Cerita Nestapa Dayeuh Kolot

Sep 20, 2021 | Essai

Views: 0

Apa menariknya Dayeuh Kolot saat ini? Sebuah cluster cekungan replica-landscape Bandung Purba yang tak berbekas. Orang-orang Belanda di abad pertengahan memanggilnya Oude Negorij atau negeri lama. Kota penyangga yang menjadi jalur lintasan antar wilayah Selatan Bandung dengan pusat Kota Bandung ini, memiliki cerita getir perihal pupusnya sebuah norma, tata nilai, karakter, simbol-simbol, keunikan bahkan kepribadian. Alhasil, sebuah pluralisme terbangun di tengah pelbagai benturan budaya dan “kotak-katik” kebijakan yang menumbuhkan peradaban kompleks. Bagi saya, mengupas Dayeuh Kolot, bukan karena memiliki arti historis semata, melainkan ada sisi akuntabilitas biologis dan sosiologis yang merasuk dalam derajat sosial budaya yang layak dicermati. Ada semacam fenomena akulturasi dan penataan ruang yang menarik untuk ditelisik.

Di pusaran Dayeuh Kolot sekarang, ada sebuah monumen kecil yang mengkiaskan perjuangan heroik Mochamad Toha dan kawan-kawan tatkala meledakkan tangsi dan arsenal Belanda, 10 Juli 1946 lalu. Toha yang terlupakan dan tak pernah dianggap karena titi mangsa kepahlawanan hanya dalam durasi 2 jam. Dia bukan pahlawan secara formal kenegaraan. Kendati demikian, dia tetap di kalbu masyarakat Bandung.
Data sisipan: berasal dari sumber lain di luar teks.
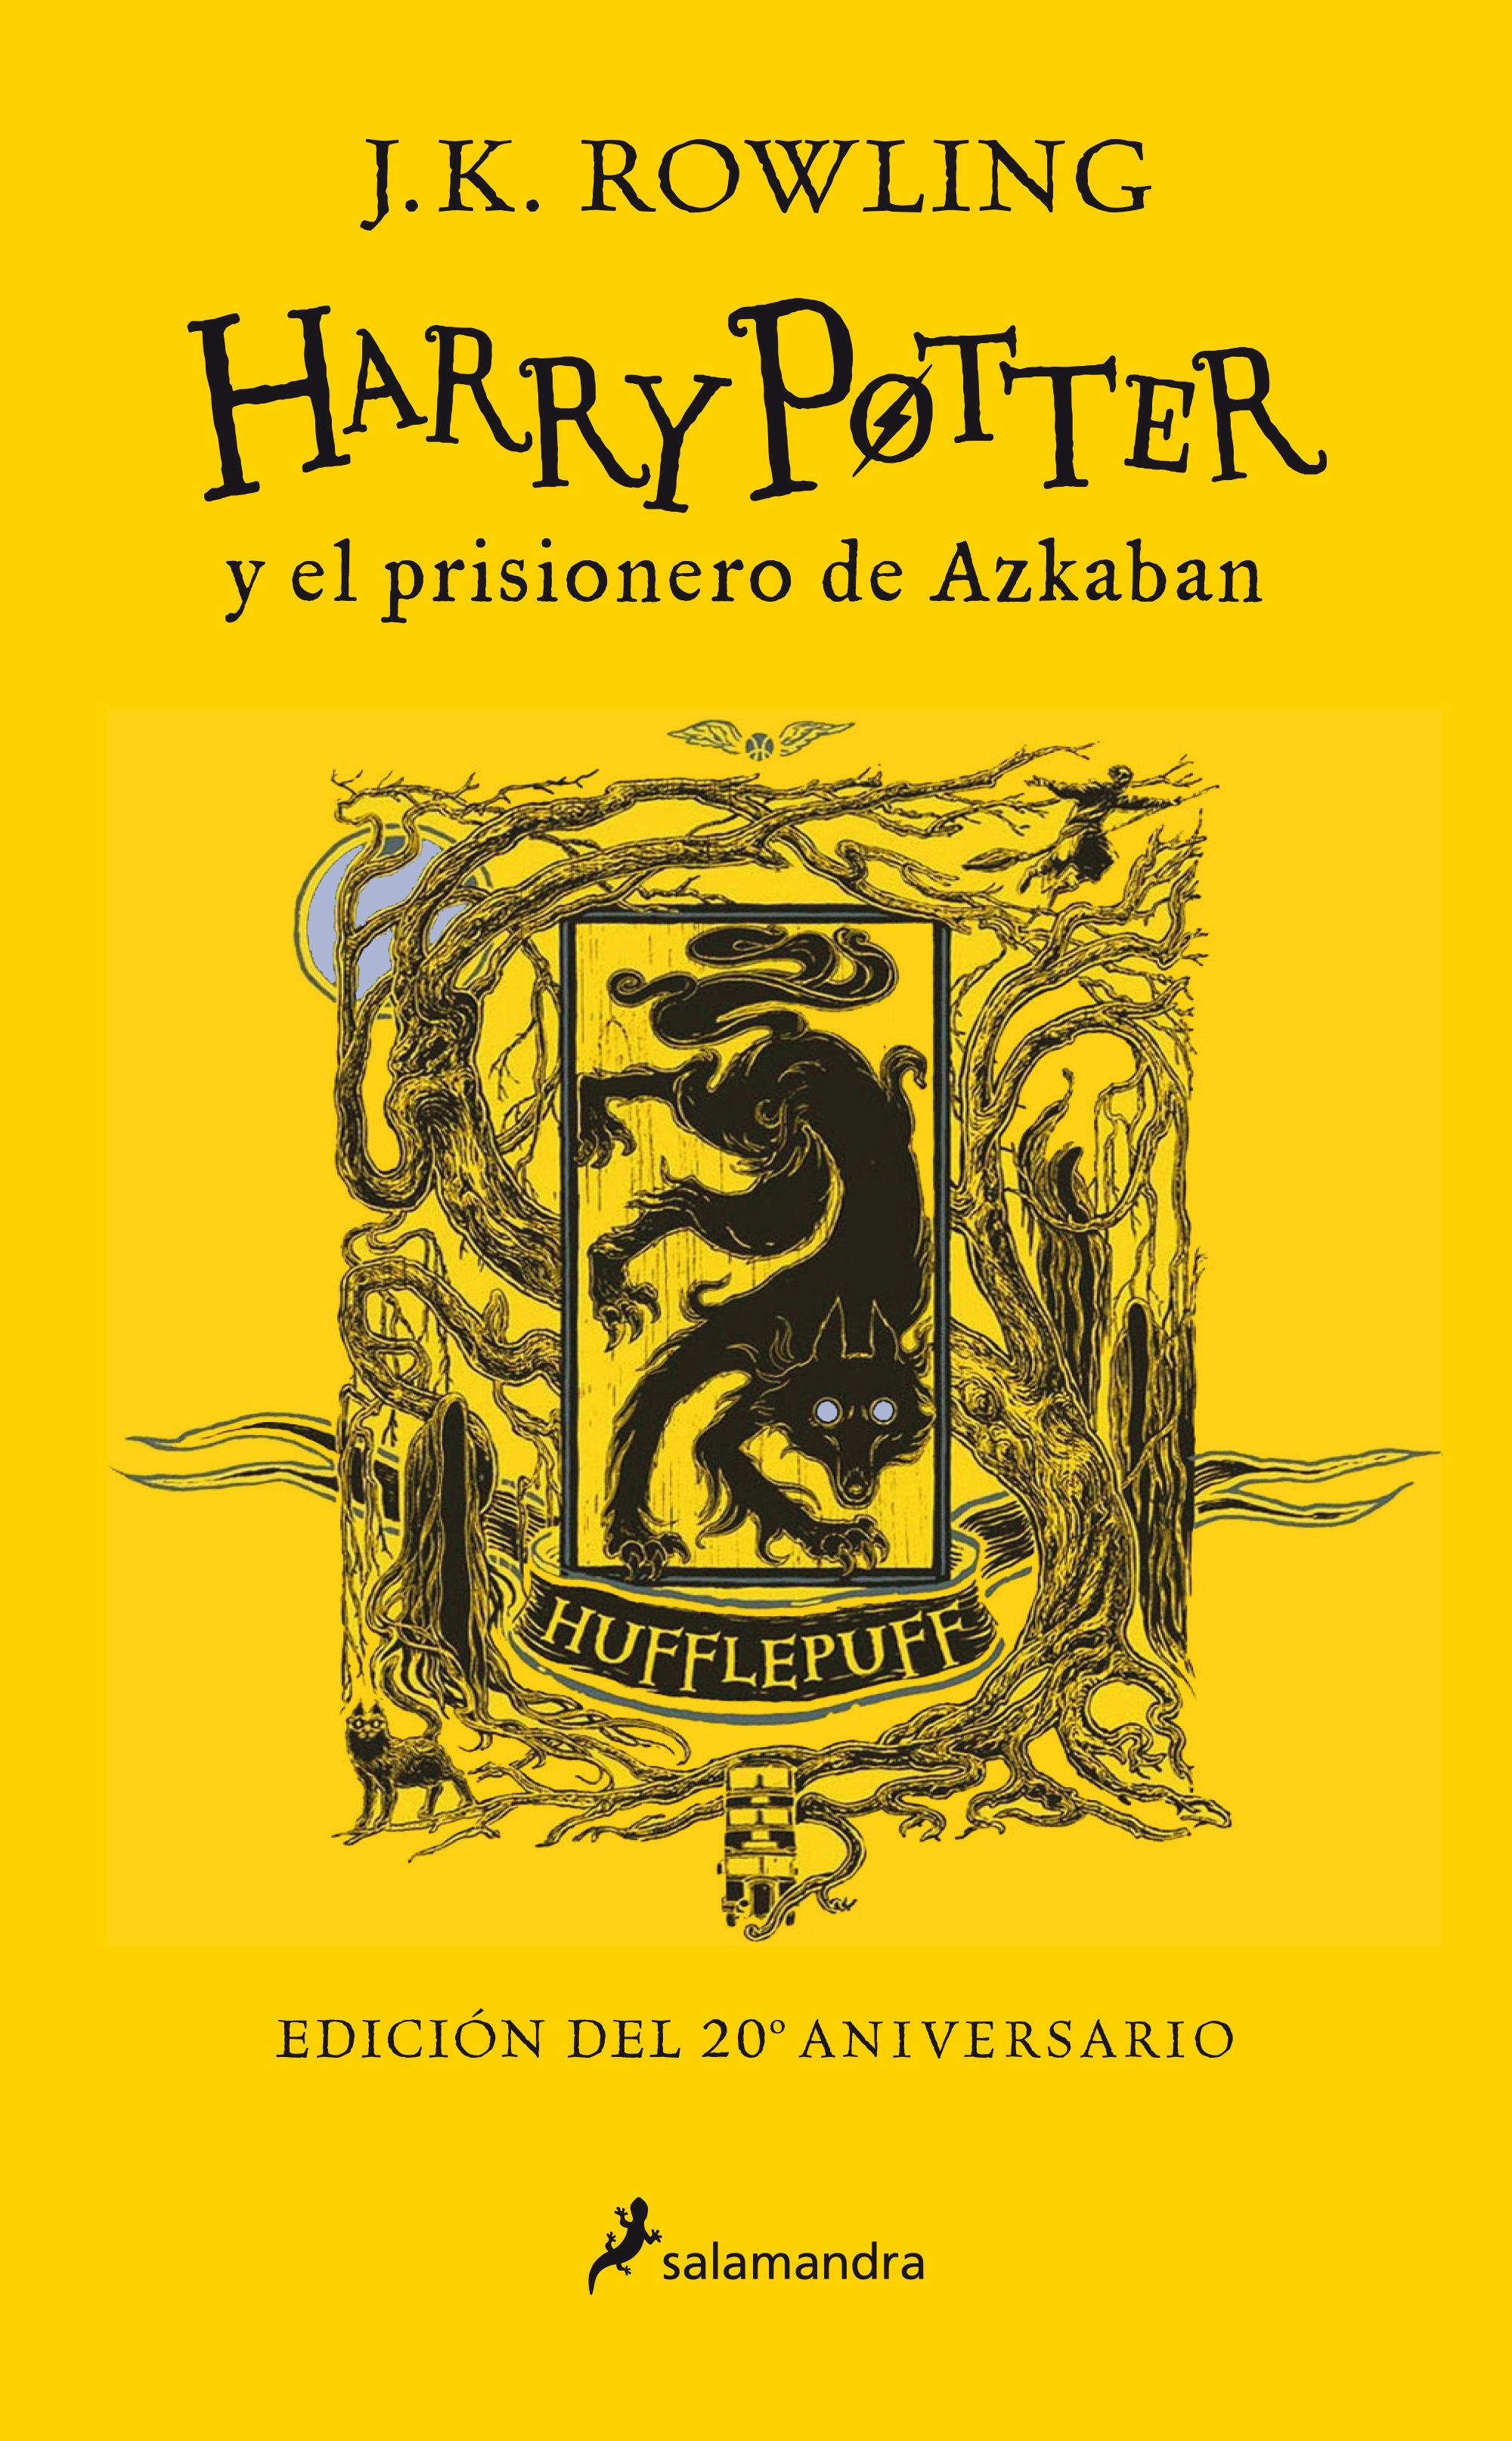 HARRY POTTER Y EL PRISIONERO DE AZKABAN HUFFLEPUF

Dari Dayeuh Kolot pula kita dapat menyaksikan kenelangsaan sebagian warganya menerima luapan banjir Sungai Citarum sebagai sebuah tradisi laten yang tak berkesudahan. Bagi sebagian warganya, Citarum ibarat “panacea” yang tak berkesudahan. Kita tak bisa lagi menyaksikan lalu lalang perahu pencari pasir di seputaran Sungai Citarum. Dari Dayeuh Kolot pula permasalahan perencanaan tata ruang seakan tercerabut dari lingkungan ekologisnya. Kita tak bisa lagi menyaksikan jejeran Pohon Tanjung, Waru, Cangkring atau keangkeran Pohon Loa, yang konon buahnya kesukaan ular, di sepanjang alur yang dikenal sebagai jalan Mohhammad Toha saat ini.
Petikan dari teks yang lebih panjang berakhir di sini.